To peel back the onion one more layer, franchisees acquiring a restaurant from another franchisee puts the brand in a push-and-pull scenario. Who does the brand show loyalty to? Who is the priority? While this scenario may appear strategic, as soon as the buyer pool shrinks because the existing franchisees aren’t interested, the seller is out of luck. The opportunity is not being presented outside of the brand.

Another negative approach to a restaurant franchise resale program occurs when untrained operations or marketing team members assist in valuations. There are two problems with this plan: conflict of interest and legal issues. The brand needs to steer clear of this scenario.

Then there’s the matter of external candidates looking to purchase an existing store. The franchise model is designed to assist with new franchisees and multi-unit portfolio expansion. If resale instructions are non-existent, it creates a misalignment of goals, unrealistic requirements and frustration with the franchisor. No plan means no sale. The recipe failed.

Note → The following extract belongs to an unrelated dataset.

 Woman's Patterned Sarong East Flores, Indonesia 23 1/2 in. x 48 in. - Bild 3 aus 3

The final and best approach is to be like a chef; have a specific recipe ready and follow it closely in order to guarantee the best outcome every time. The brand develops a complete franchise resale strategy. This involves education for the entire brand to understand succession planning. It’s important to convey clear and effective communication that hits every touchpoint in the operation.

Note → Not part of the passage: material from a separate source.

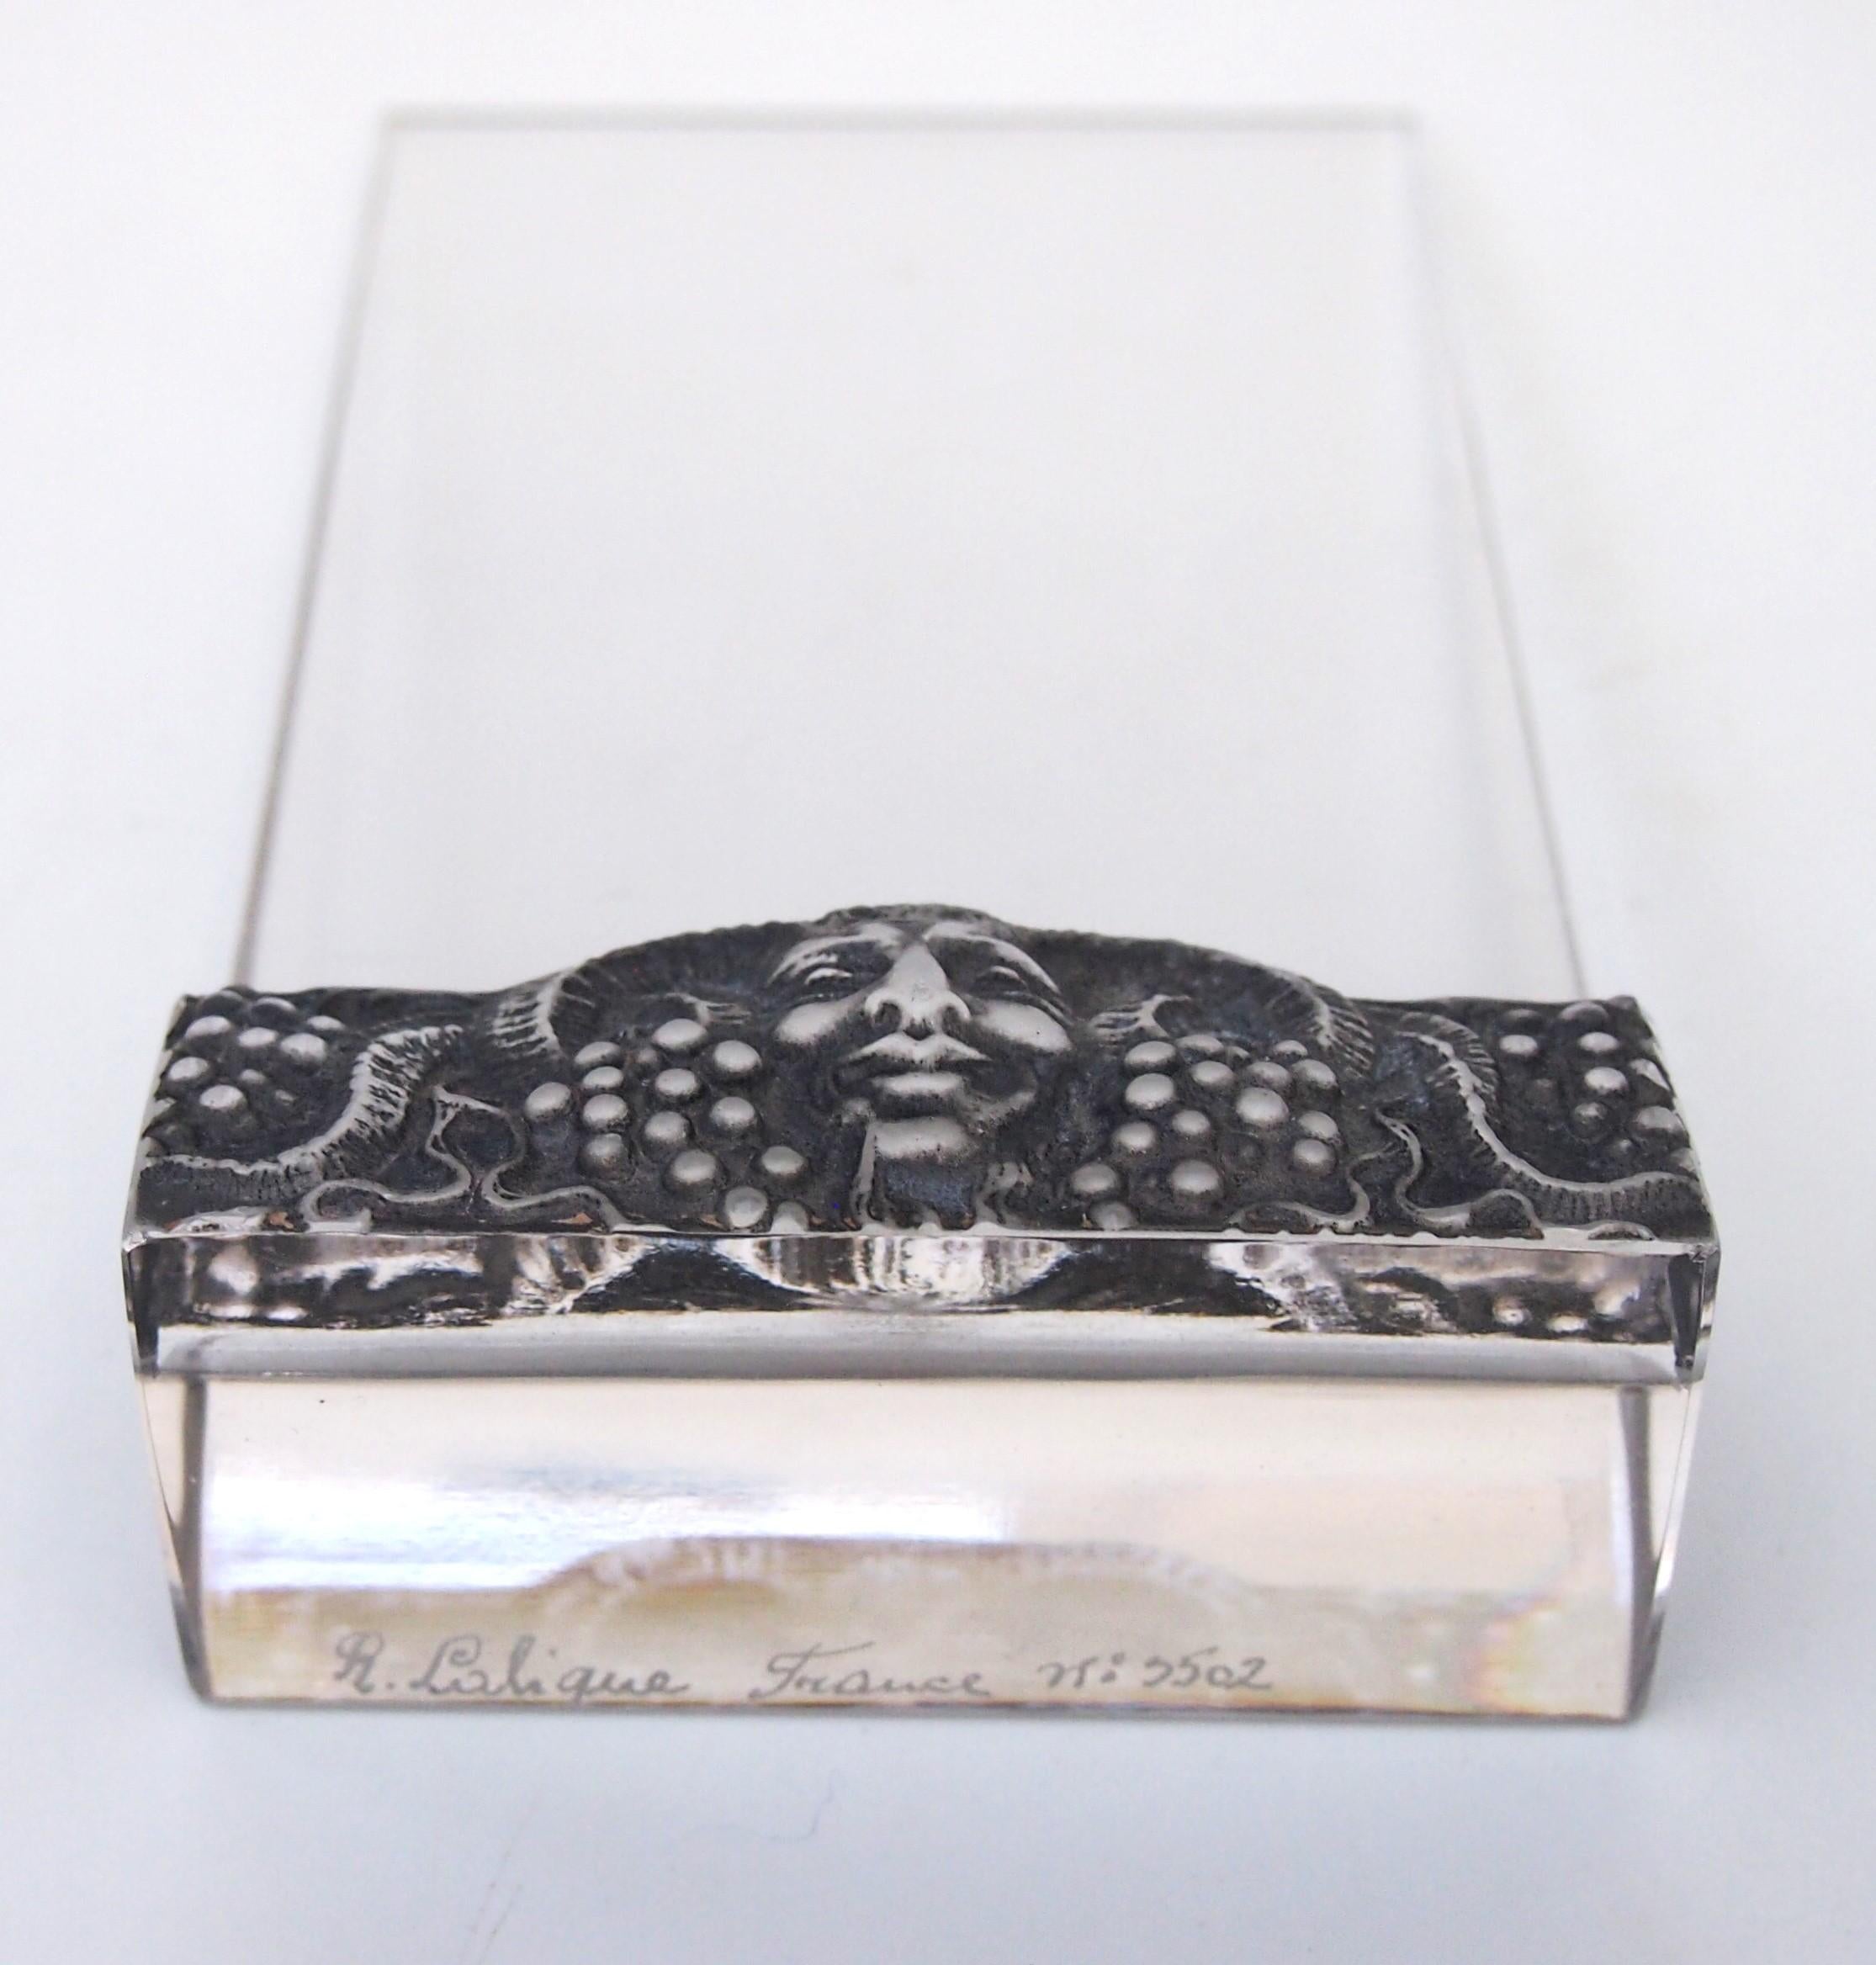 Rare Rene Lalique, Signed, original grey stained Glass Faune Menu Holder c1928 For Sale 2

The recipe goes something like this: Identify the candidates for turnover and then partner with restaurant franchise resale specialists to bring qualified buyers to the table. Outsourcing negotiations and valuations maintain neutrality. Examine the franchise disclosure document (FDD) to establish fair transfer fees for franchisees needing to exit. Keep it simple and effective.

The resale plan needs to address unit upgrade requirements to avoid surprises. Requiring remodels during a transfer tends to discourage prospective buyers after they’ve yielded the capital outlay to acquire the site.

Another ingredient in the recipe includes a no-charge new term. For example, I currently work with a major brand that consistently issues a new 10-year franchise agreement for a minimal transfer fee. It’s about understanding cost per acquisition. What is the price of a new franchisee for the brand versus transfer?

By examining cost-per-lead and cost-to-close, the astute brand understands it makes more economic sense to grant a 10-year term than charge a full or even half-price franchise fee. This is a best practice. It’s about long-range planning and profitability, not a quick fix in the moment.

Leadership and support from a franchise brand are crucial. A restaurant franchise resale plan is one more piece of insurance the brand can provide its franchisees. Assisting an operator with a plan of exit is as critical as their entrance. It’s a simple recipe with powerful ingredients designed to serve franchisees and keep the brand on track through smooth transitions and transfers.